Всего в результате мирного договора Германия теряла седьмую часть территории и десятую часть населения. С экономической точки зрения наиболее существенной стала потеря Германией (если также учесть раздел в 1921 г. Верхней Силезии) трети всех угольных и трех четвертей рудных месторождений. К этому следует добавить потерю колоний. Что касается требования о возмещении военных убытков и потерь, то победители не смогли договориться об окончательной сумме репараций. Решение этой проблемы было отложено на будущее. Некоторые репарационные выплаты союзники, напротив, смогли установить сразу. Германия должна была отдать весь свой кабель дальней связи, 90 % торгового флота и 11 % поголовья крупнорогатого скота. В течение десяти лет страна должна была ежегодно поставлять около 40 миллионов тонн угля во Францию, Бельгию и Люксембург и Италию. Обоснование таких репарационных требований было дано в статье 231 «Ответственность за развязывание войны» мирного договора. Германия и ее союзники были названы зачинщиками войны и ответственными за все потери и ущерб, нанесенный союзным и ассоциированным державам{73}.

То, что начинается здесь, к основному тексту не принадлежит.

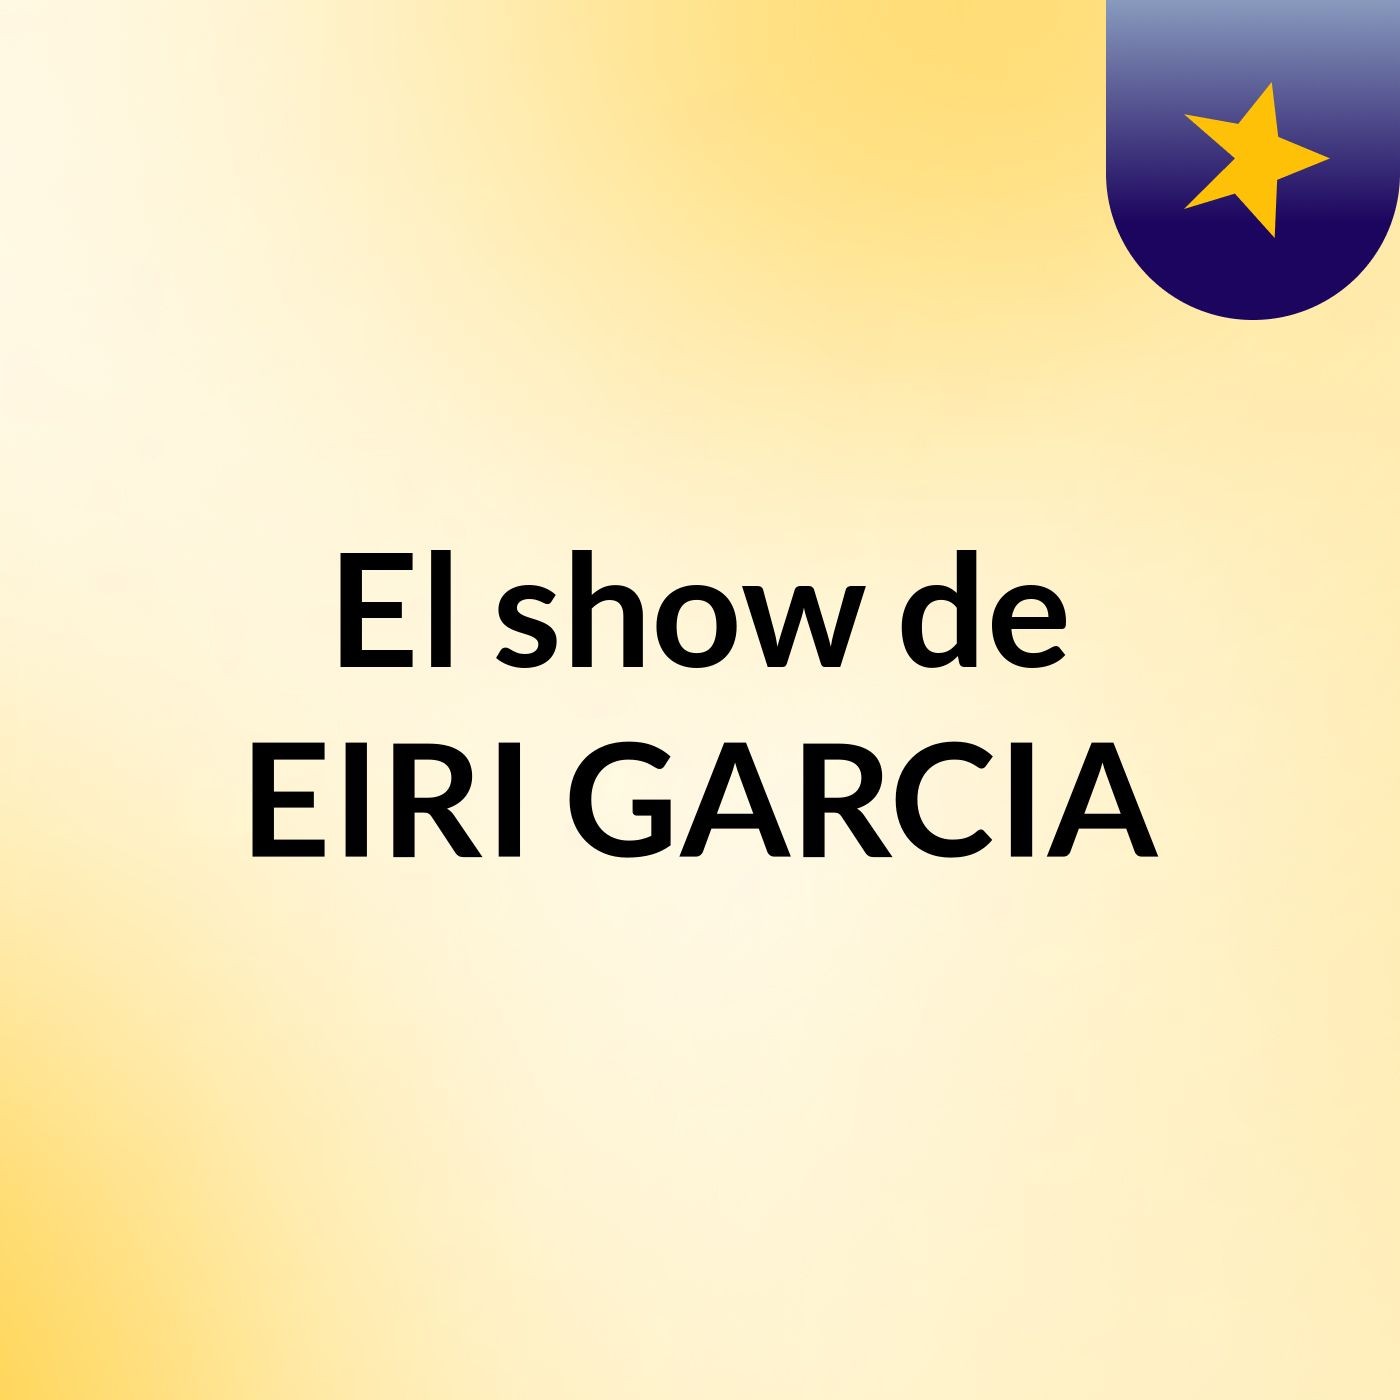 El show de EIRI GARCIA

В правительственном лагере поначалу взяли верх те, кто считал условия мира неприемлемыми и собирался заблаговременно заявить об этом публично. Первым из состава правительства Шейдемана высказался беспартийный, но близкий к ДДП министр иностраиных дел граф Брокдорф-Ранцау, позиция которого, доведенная до логического конца, позволяла лишь отклонить условия мира. Либеральный профессиональный дипломат заявил о своей точке зрения еще 7 мая, при передаче условий мира в Версале, сославшись на «силу ненависти», «которая противостоит здесь мне» и резко выступив против тезиса о вине одной Германии в развязывании мировой войны. 12 мая еще на шаг дальше пошел премьер-министр Германии. На митинге Национального собрания в актовом зале Берлинского университета глава правительства задался риторическим вопросом: «Какая рука не отсохнет, заковав себя и нас в такие кандалы?» Товарищ Шейдемана по партии, прусский министр-президент Пауль Хирш, выдвинул лозунг «Лучше умереть, чем стать рабом!», а президент Национального собрания, депутат от Партии Центра Константин Ференбах пригрозил Антанте даже новой мировой войной. «Этот договор… есть увековечивание войны. И теперь я обращаюсь к нашим врагам на понятном им языке, и говорю: Метогеэ ез1о!е, тткл, ех оззШиэ иИог(Помните, враги, из останков [павших] родится мститель). В будущем немецкие женщины станут рожать детей, и эти дети порвут рабские цепи и смоют причиненный нам позор с лица немецкого народа».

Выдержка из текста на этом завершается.